■ **TASK TO COMPLETE**:
Nothing but the lines from the one containing "Mississippi Ole Miss" through the one containing "Under no circumstances", both included, should be given again, each exactly as written below.

■ **EXERCISE INPUT**:
★ ★ ★ ★ ★ ★ ★

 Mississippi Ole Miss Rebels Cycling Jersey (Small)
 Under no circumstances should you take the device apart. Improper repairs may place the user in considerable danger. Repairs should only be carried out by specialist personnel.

★ ★ ★ ★ ★ ★ ★

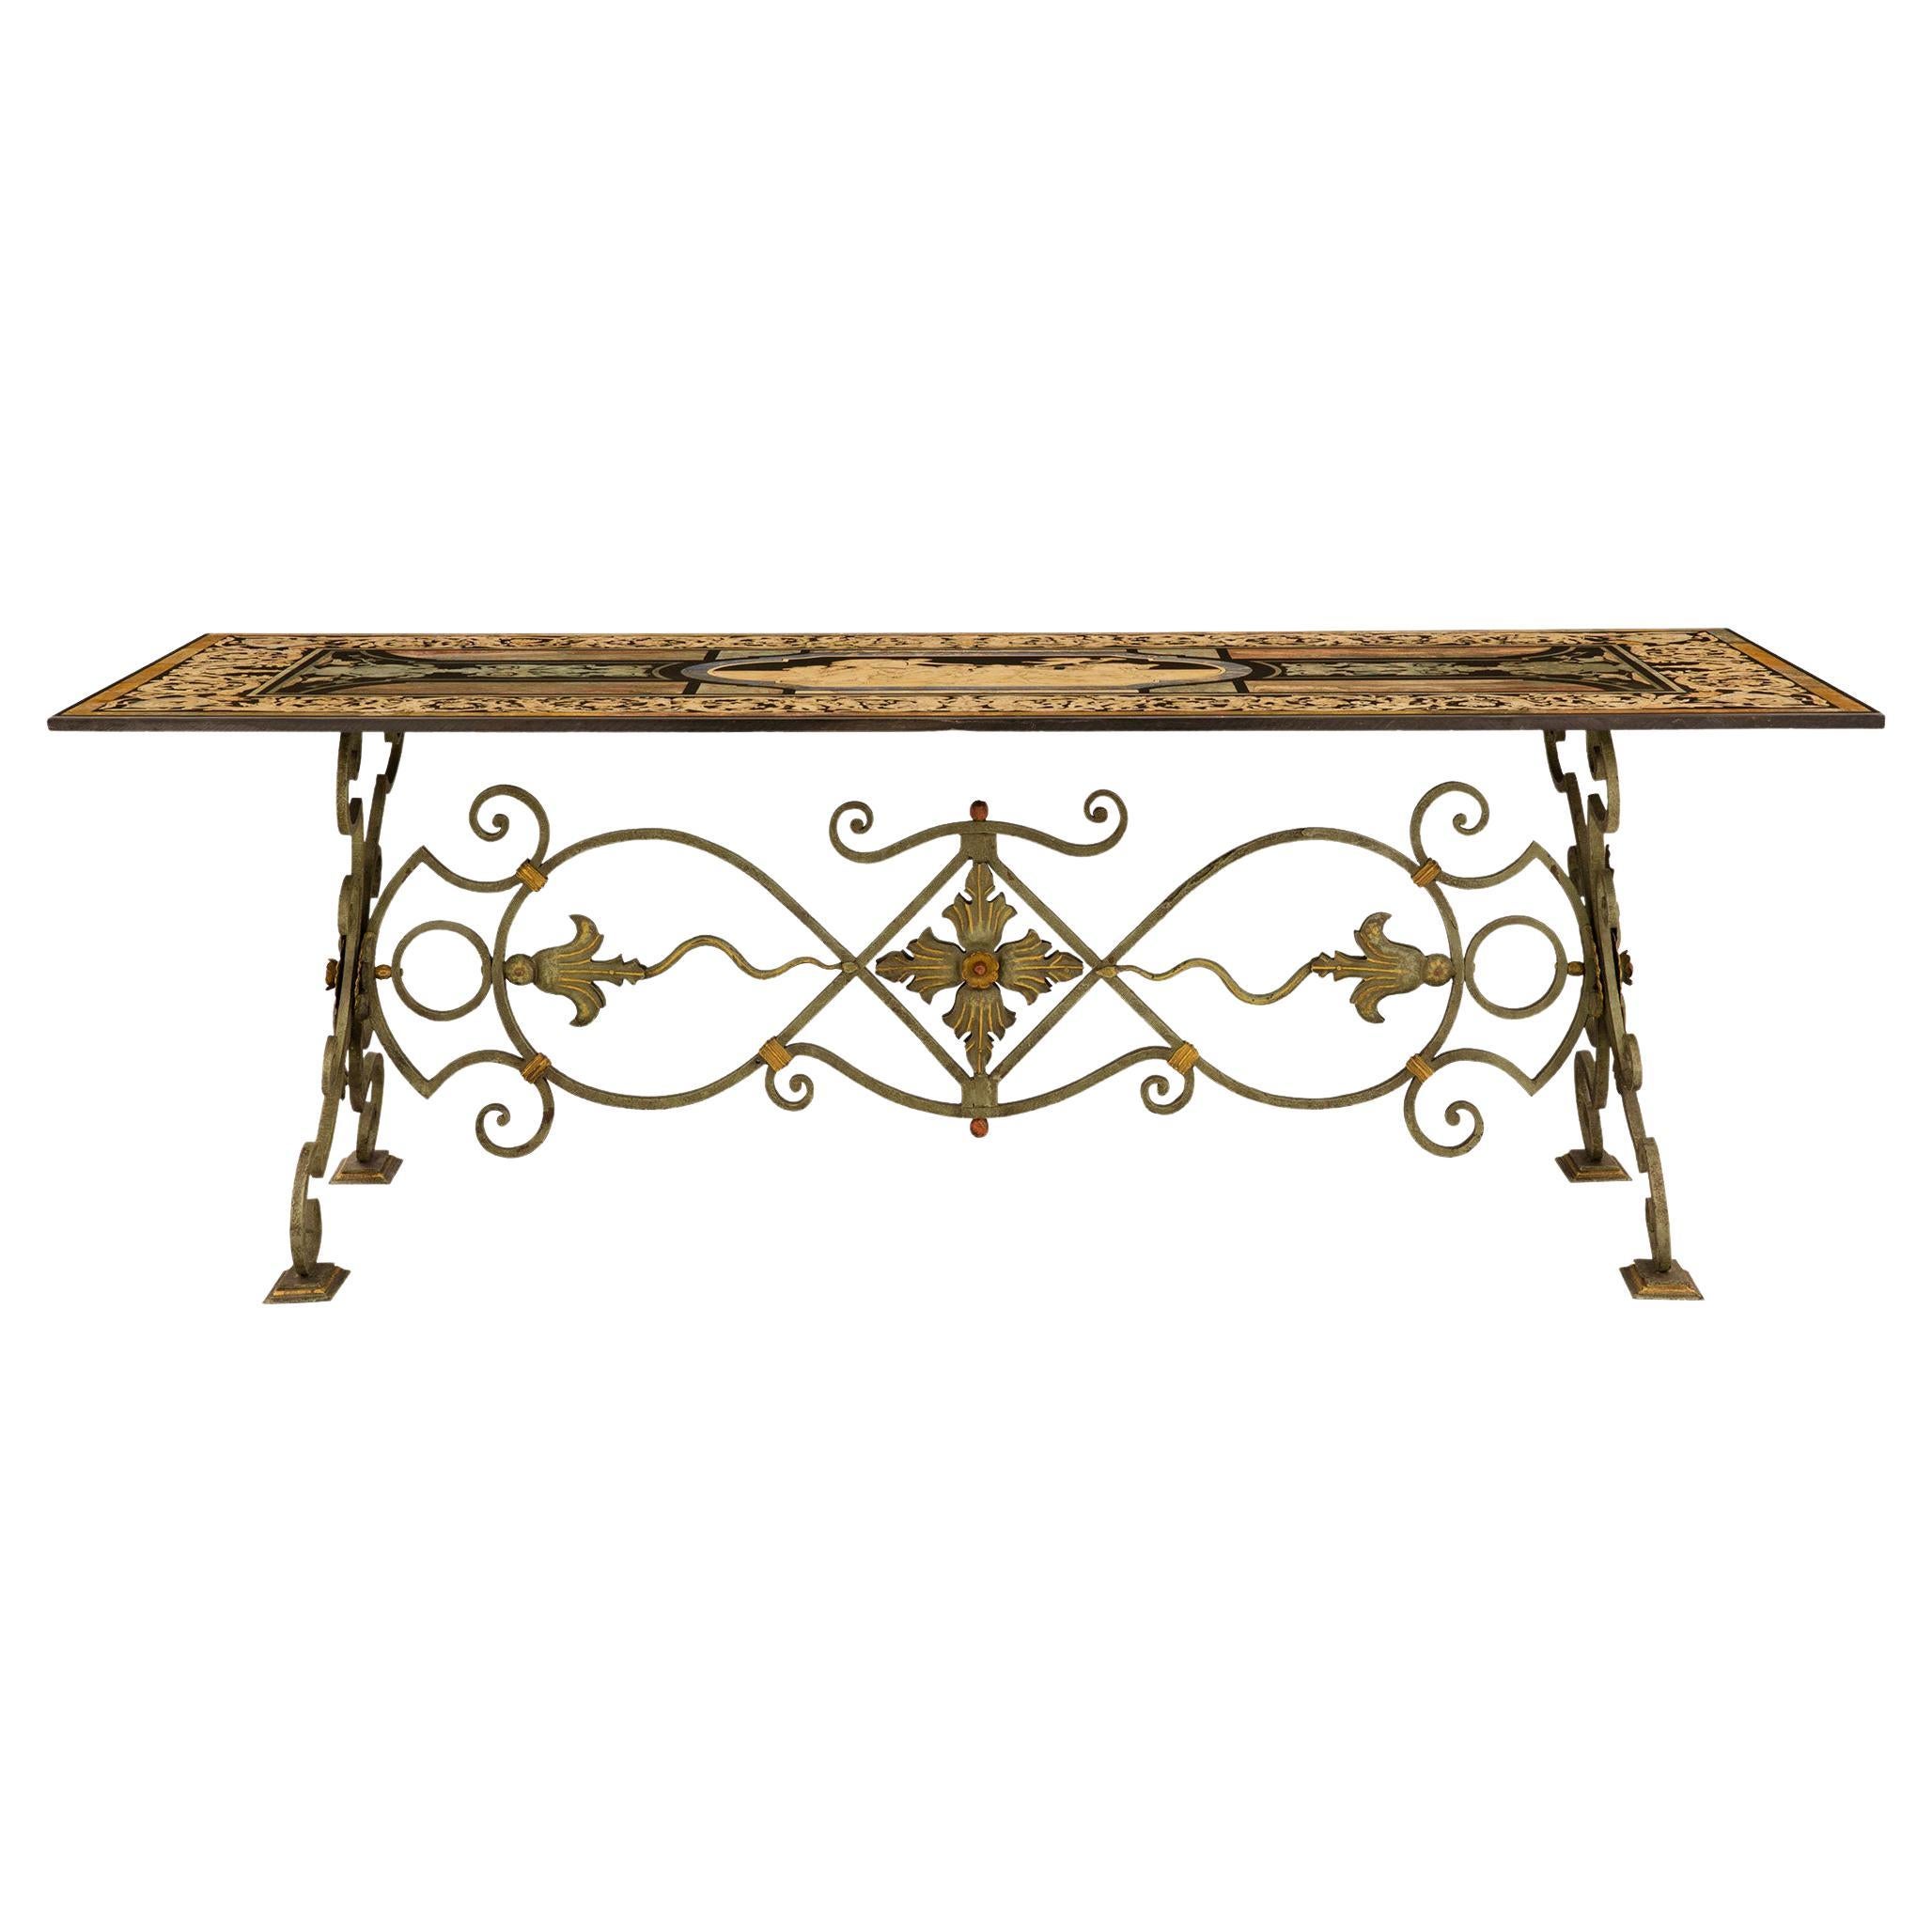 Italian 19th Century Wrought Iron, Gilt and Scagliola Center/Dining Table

★ ★ ★ ★ ★ ★ ★

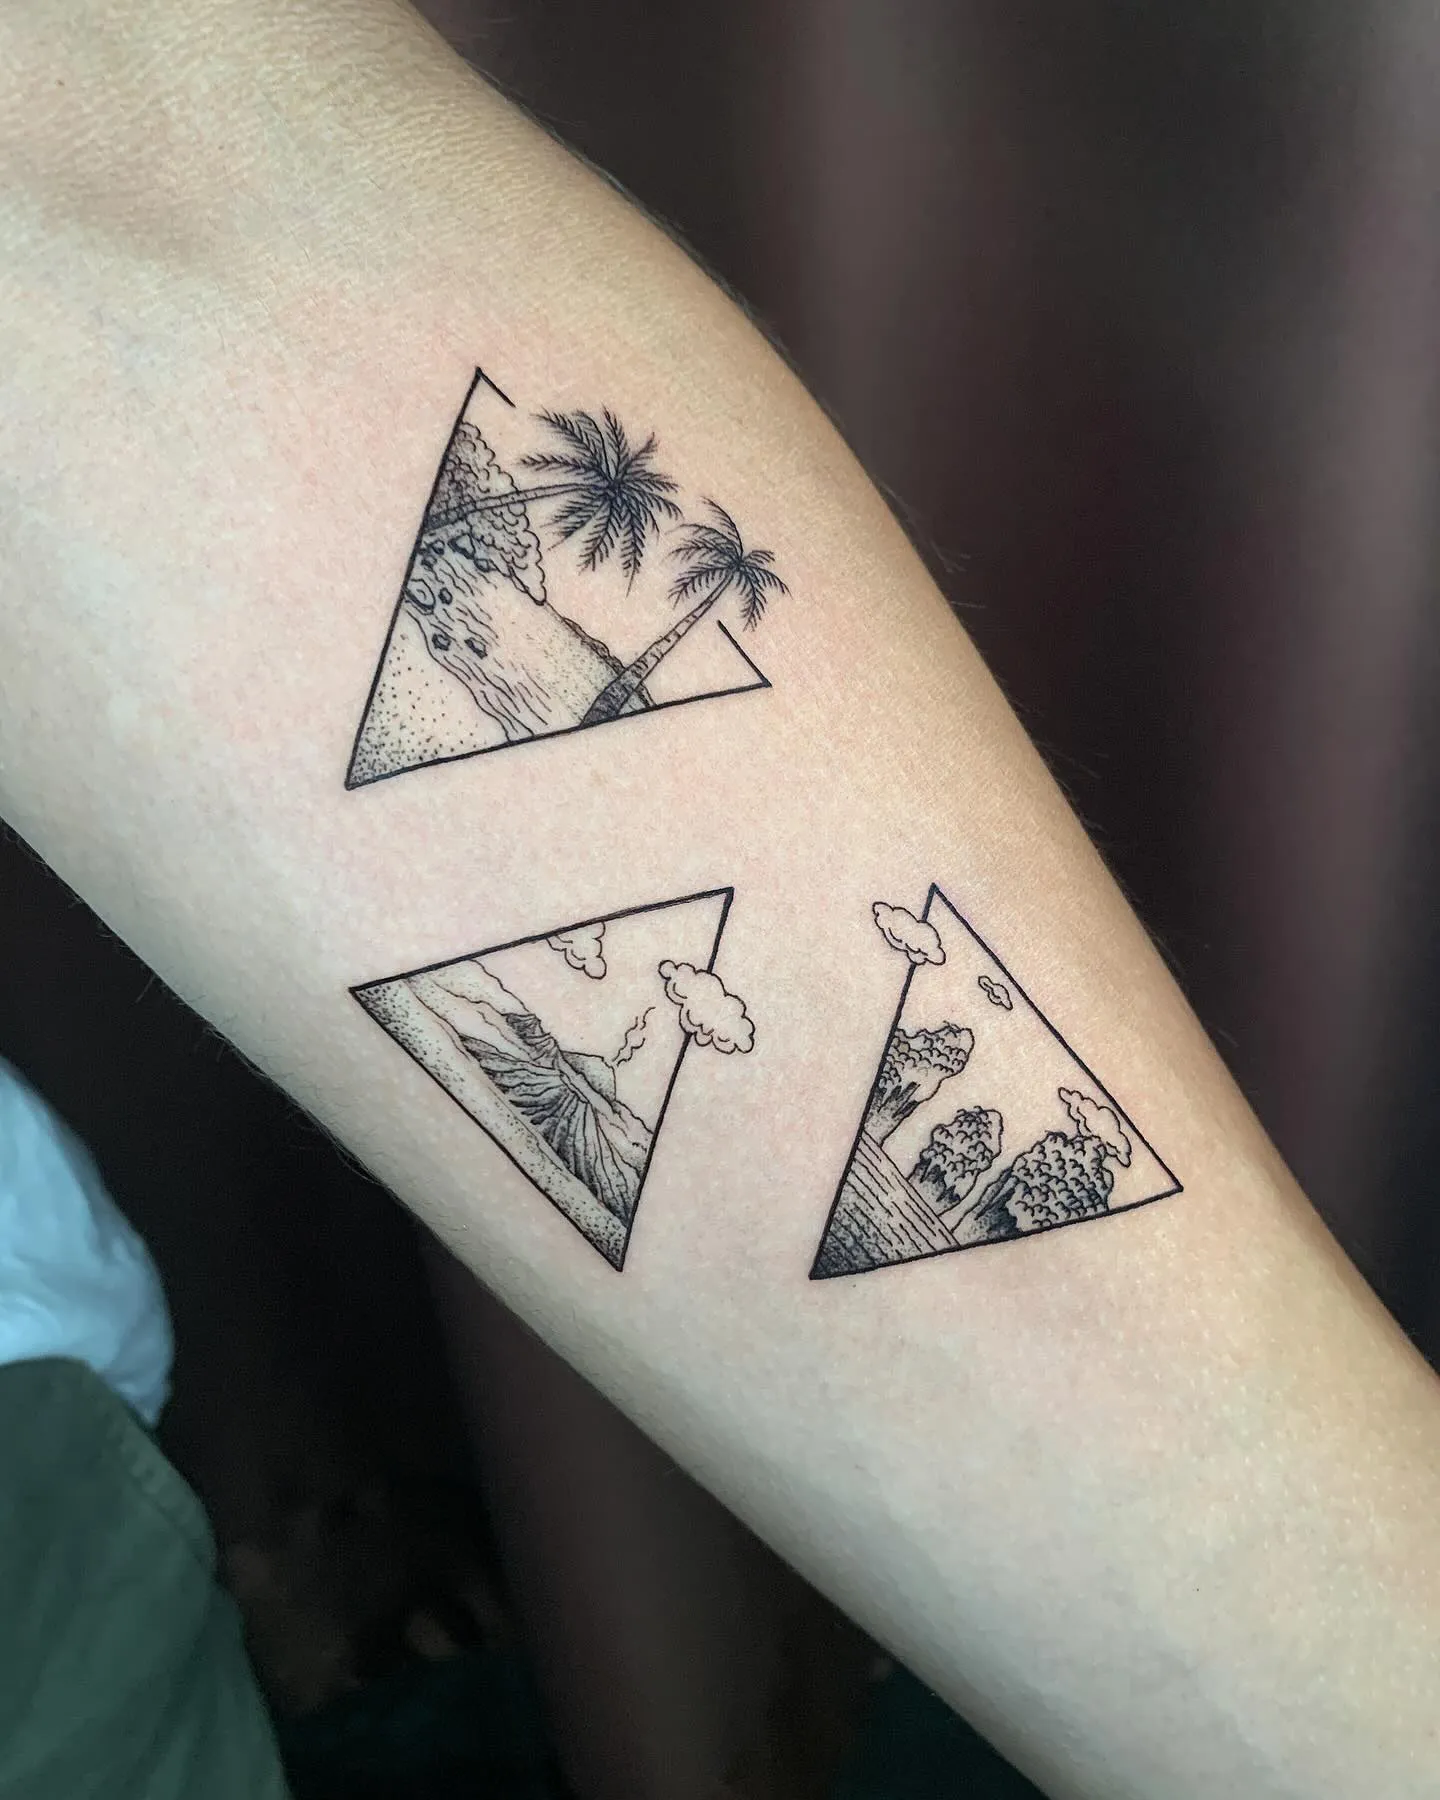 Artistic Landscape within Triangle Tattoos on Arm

★ ★ ★ ★ ★ ★ ★

■ **SOLUTION TO THIS PROBLEM**:
 Mississippi Ole Miss Rebels Cycling Jersey (Small)
 Under no circumstances should you take the device apart. Improper repairs may place the user in considerable danger. Repairs should only be carried out by specialist personnel.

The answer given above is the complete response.